WORK TASK
One exact copy of the listing, minus the images, is the required answer.
*** SOURCE DATA ***
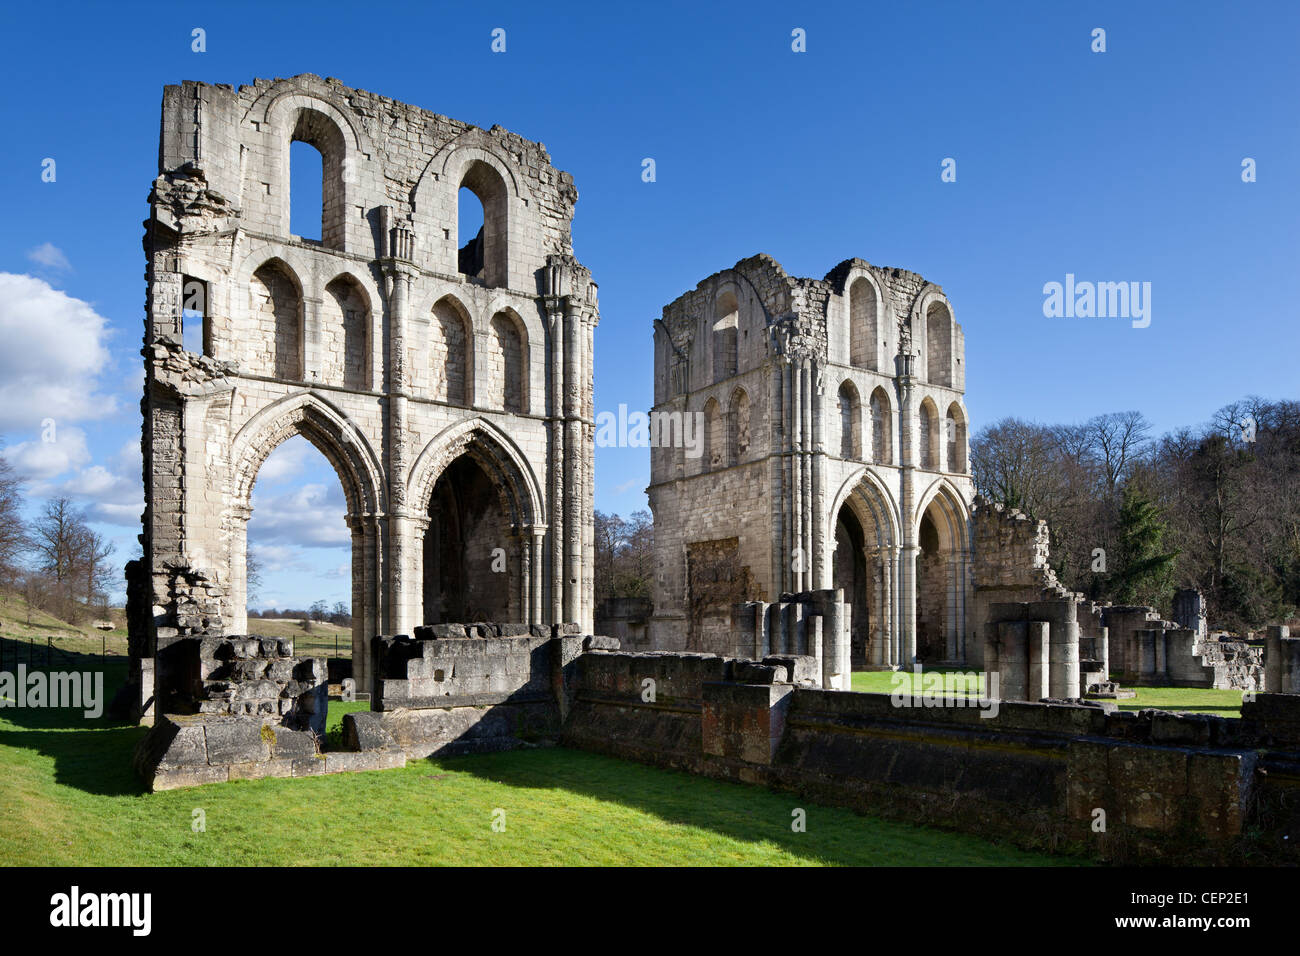 The ruins of Roche Abbey, a cistercian priory founded in 1147 at Maltby near Rotherham, South Yorkshire, UK Stock Photo
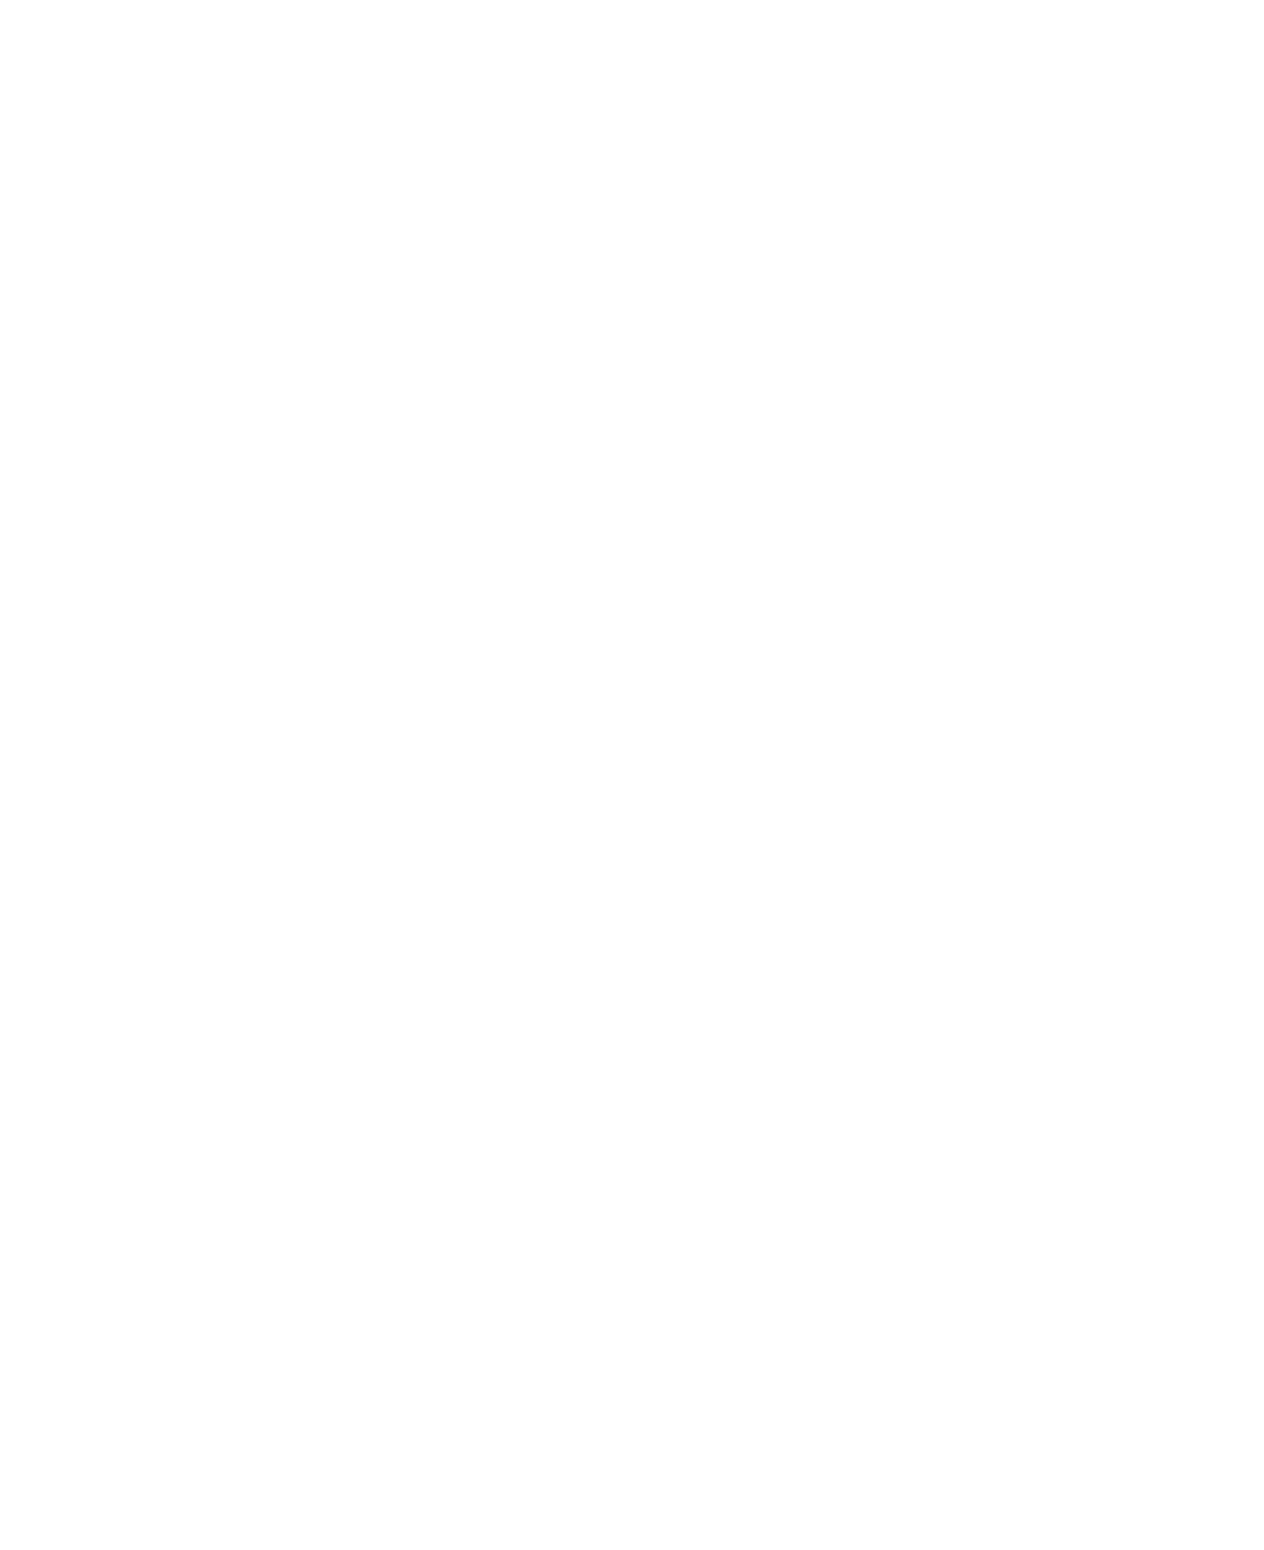 Exelixis logo in transparent PNG and vectorized SVG formats
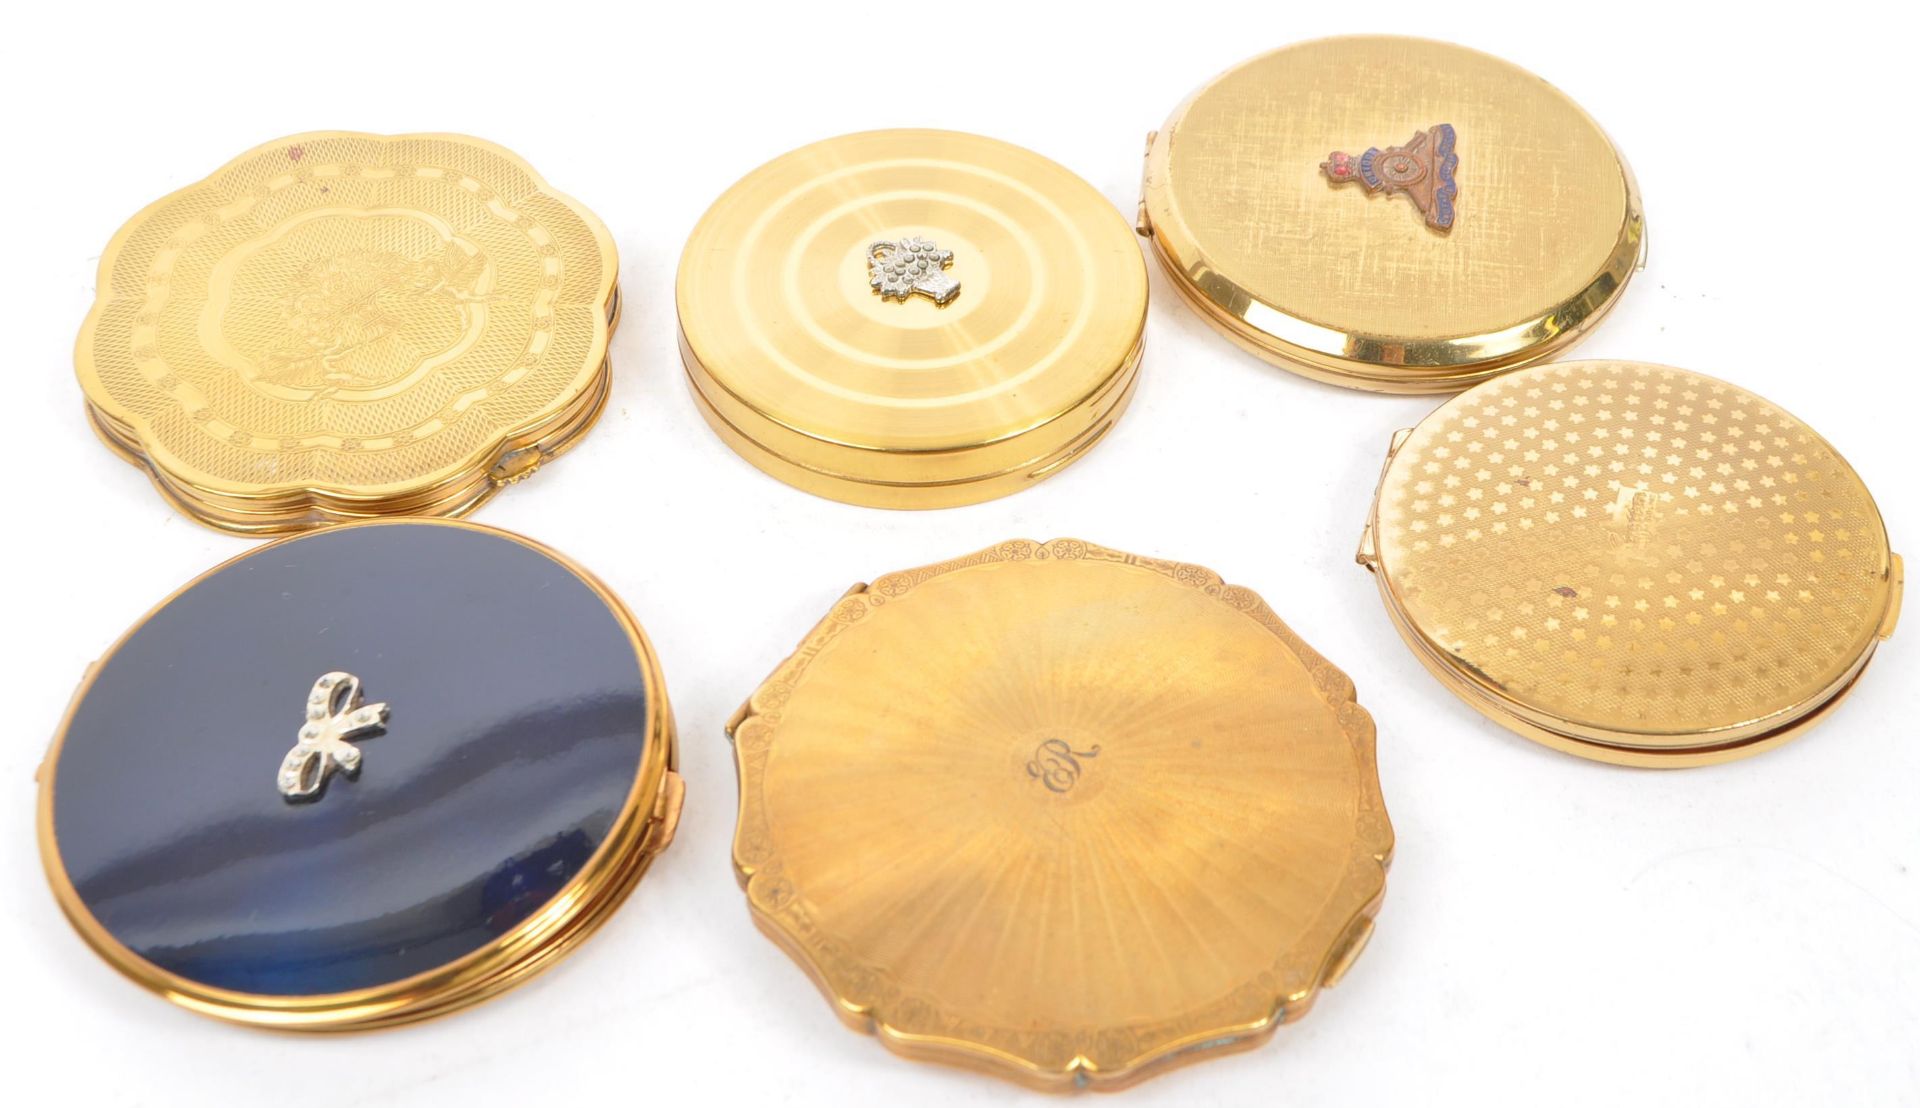 COLLECTION OF VINTAGE VANITY COMPACTS - STRATTON - MAGARET ROSE
***
EXERCISE ANSWER
 The ruins of Roche Abbey, a cistercian priory founded in 1147 at Maltby near Rotherham, South Yorkshire, UK Stock Photo
 Exelixis logo in transparent PNG and vectorized SVG formats
 COLLECTION OF VINTAGE VANITY COMPACTS - STRATTON - MAGARET ROSE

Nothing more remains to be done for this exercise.